(25 de septiembre, 2014).- En sintonía con los rumores que se ha producido desde su presunta muerte, ahora la Procuraduría General de la República (PGR) rechazó hacer públicos los peritajes genéticos para confirmar que el asesinado por elementos de la Marina en 2012, efectivamente era Heriberto Lazcano Lazcano, alias “El Lazca”, entonces líder de Los Zetas.
Recientemente, en respuesta a una solicitud de información que requerían los resultados de las pruebas genéticas practicas al supuesto cadáver del también conocido como “Z-3”, la dependencia encabezada por Jesús Murillo Karam dijo que será hasta 2024 cuando brinden información, por lo que aumentan los rumores sobre que Lazcano sigue vivo.
Sin embargo, una fuente de la PGR que pidió anonimato, declaró al diario 24 Horas que el caso todavía no se ha cerrado. Cabe recordar que tras ser reportado como muerto en medio de un choque entre criminales y las fuerzas de seguridad, el cuerpo de Lazcano fue robado de una morgue en Sabinas, Coahuila.

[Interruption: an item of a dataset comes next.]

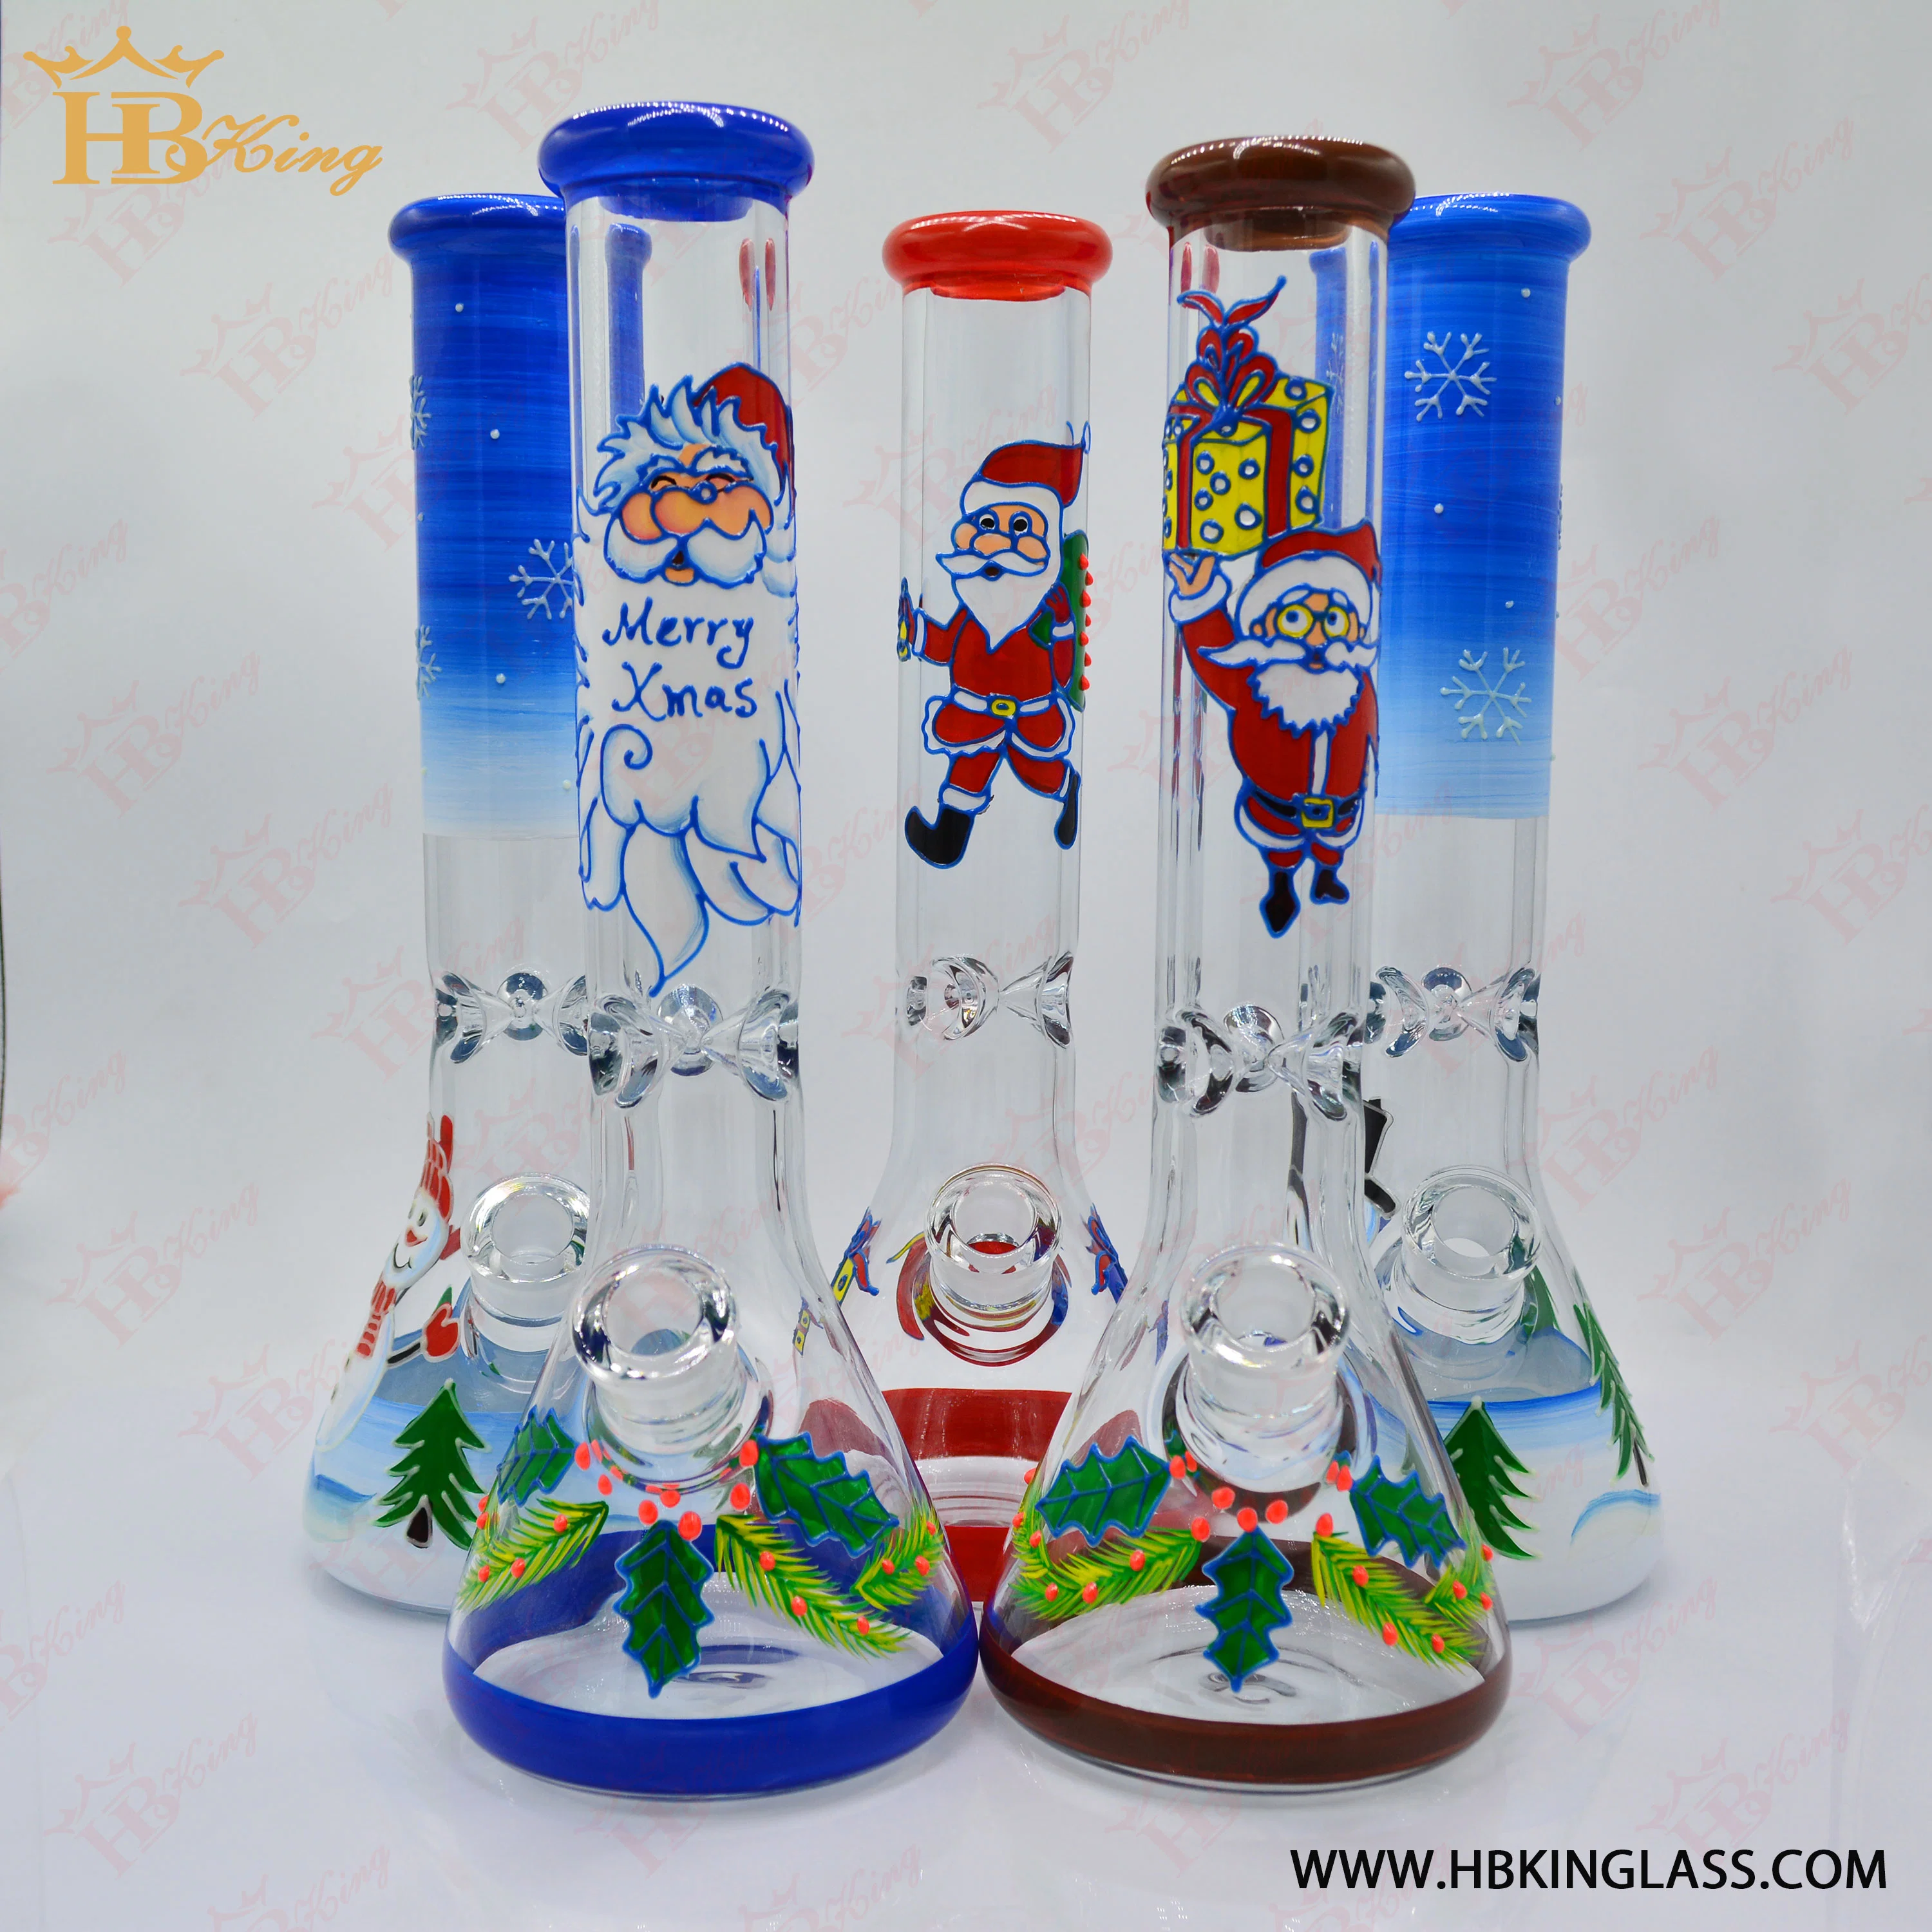 Wholesale 350mm High Borosilicate Glass Hand-Painted Zombie Character Triangle Bottle Oil Burner Pipe Smoking Pipe

Según InSight Crime, fundación dedicada al estudio del crimen organizado en América Latina, las teorías de conspiración alrededor del “Z-3”, continuarán tras la revelación de PGR. En aquel entonces, se supo que las autoridades de Coahuila confirmaron haber certificado la identidad del líder criminal, e incluso, más adelante la Procuraduría exhumó los restos mortales de los padres de Lazcano.
Las razones por las que la PGR pretende ocultar la información de las pruebas genéticas, si bien son desconocidas e incentivan las especulaciones, no abonan en nada a apaciguar los rumores que apuntan que el otrora segundo capo más buscado de México, no está muerto.
Al igual que “El Lazca”, anteriormente las autoridades panistas dijeron haber abatido a Nazario Moreno González, “El Chayo”, jefe de Los Caballeros Templarios en diciembre de 2010, no obstante en marzo pasado fue ejecutado el verdadero narcotraficante.
Más recientemente, otro caso sacudió a la sociedad criminal mexicana, cuando se informó la muerte de Juan José Esparragoza Moreno, alias “El Azul”, uno de los líderes del cártel de Sinaloa. Hasta el momento, ni las autoridades mexicanas y estadunidenses pueden corroborar si está vivo o muerto.
En ambos casos, al igual que con el exjefe de los Zetas, resalta de igual forma la opacidad de las autoridades con información que es de interés general, así como sus múltiples chascos a la hora de combatir el crimen organizado.